Subsequently, I found several papers and presentations that described the vacuum as having an “effective refractive index” determined by the gravitational potential: (1), (2), (3), (4). The effective refractive index can then be used to explain gravitational lensing from either the ray perspective or the wave perspective.

This leads to a confusing inference, though, because dielectric constant is equal to the square of the refractive index (assuming that magnetic permeability is equal to 1). So, it seems that the vacuum around a gravitating mass must have an "effective dielectric constant" that varies with distance from the mass.

So far, so good. But Gauss' law

Maxwell equation

says that the effective charge of a charged particle depends on the dielectric constant of the vacuum surrounding it. If the dielectric constant is a function of distance $r$, then the effective charge is a function of distance.

This suggests, then, that radial dependence of the gravitational potential will cause the effective charge of a massive charged particle to vary with distance from the particle. (By the way, vacuum polarization [https://quantummechanics.ucsd.edu/ph130a/130_notes/node507.html] which is presumably an unrelated phenomenon, has a similar effect.)

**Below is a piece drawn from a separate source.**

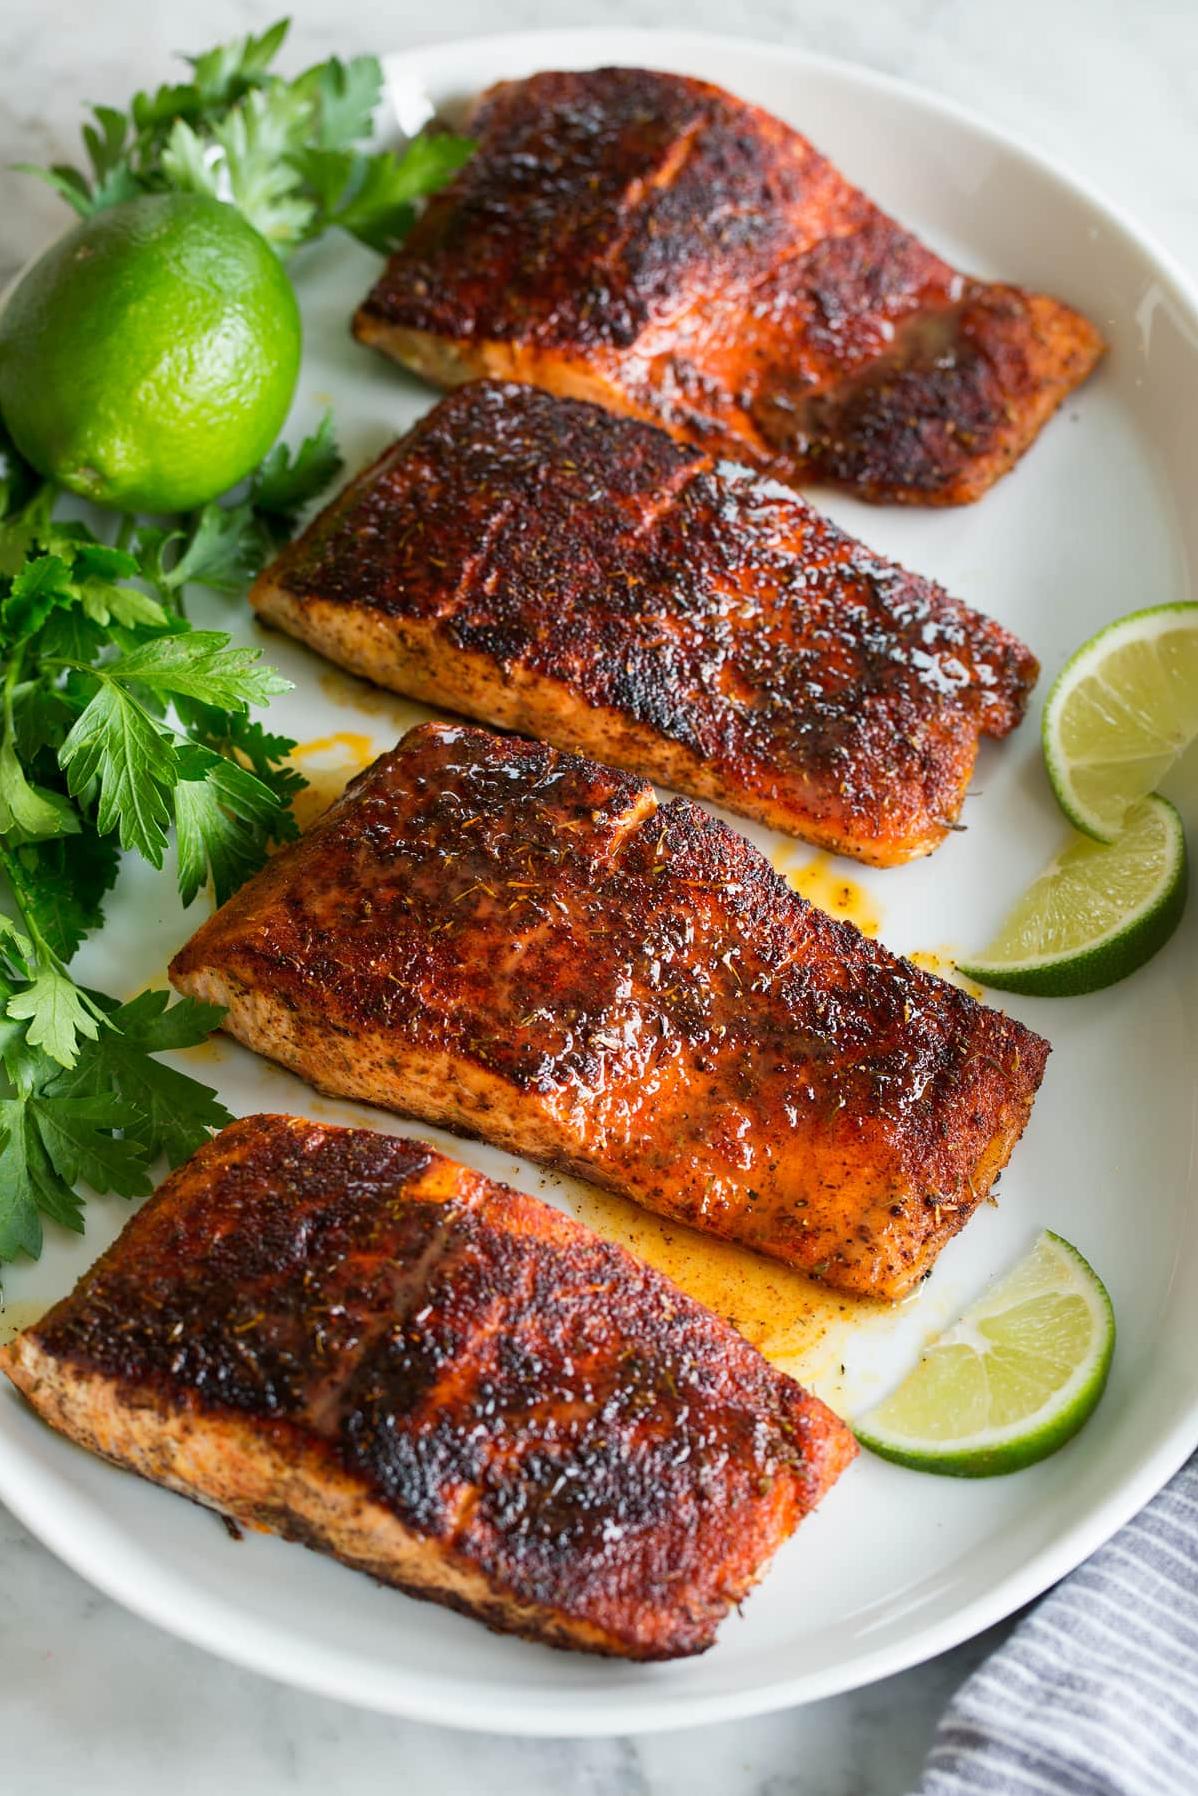  Get your grill game on with this savory blackened salmon!

However, answers and comments in response to this PhysicsSE question state emphatically that the divergence of E is zero in vacuum, regardless of the gravitational potential, according to the Einstein-Maxwell equations.

I suspect that the disconnect is due to the fact that derivation of the “effective refractive index” in (1), (2), (3), (4) assumes that space is flat. However, my confusion remains: it seems that a distant observer, ignorant of general relativity, would see a distance-dependent variation in the (effective) charge of a massive charged particle.

Is there a way out of this apparent contradiction?

  • $\begingroup$ The question seems somewhat garbled. The references are missing, and gauss's law shows up as "[E]." $\endgroup$ – Ben Crowell Jan 3 at 17:37

The effective refractive index idea is not at all about electrodynamics, or dielectric constant, or anything like that. It is simply a nice way to calculate null geodesics. That is what it is, and that is all it is.

What you do is first pick coordinates where the metric is static and with the spatial part 'conformally flat' (i.e. equal to some function of $r$ multiplied by a Euclidean metric). It won't always be possible to do that, but if it possible, as for example with the exterior Schwarzschild metric, then you can proceed. Next you notice that (i.e. prove that) the null geodesics lie exactly where you would calculate light rays to go if you were to pretend that spacetime is flat and light moves at the coordinate speed of light in your chosen coordinates, i.e. at $c$ divided by a factor given by the metric. So you call that factor $n$, an 'effective refractive index', and away you go. The method is useful because it gives a very good intuition about the effects you are calculating, and because it allows you to draw on known results and methods in ray optics.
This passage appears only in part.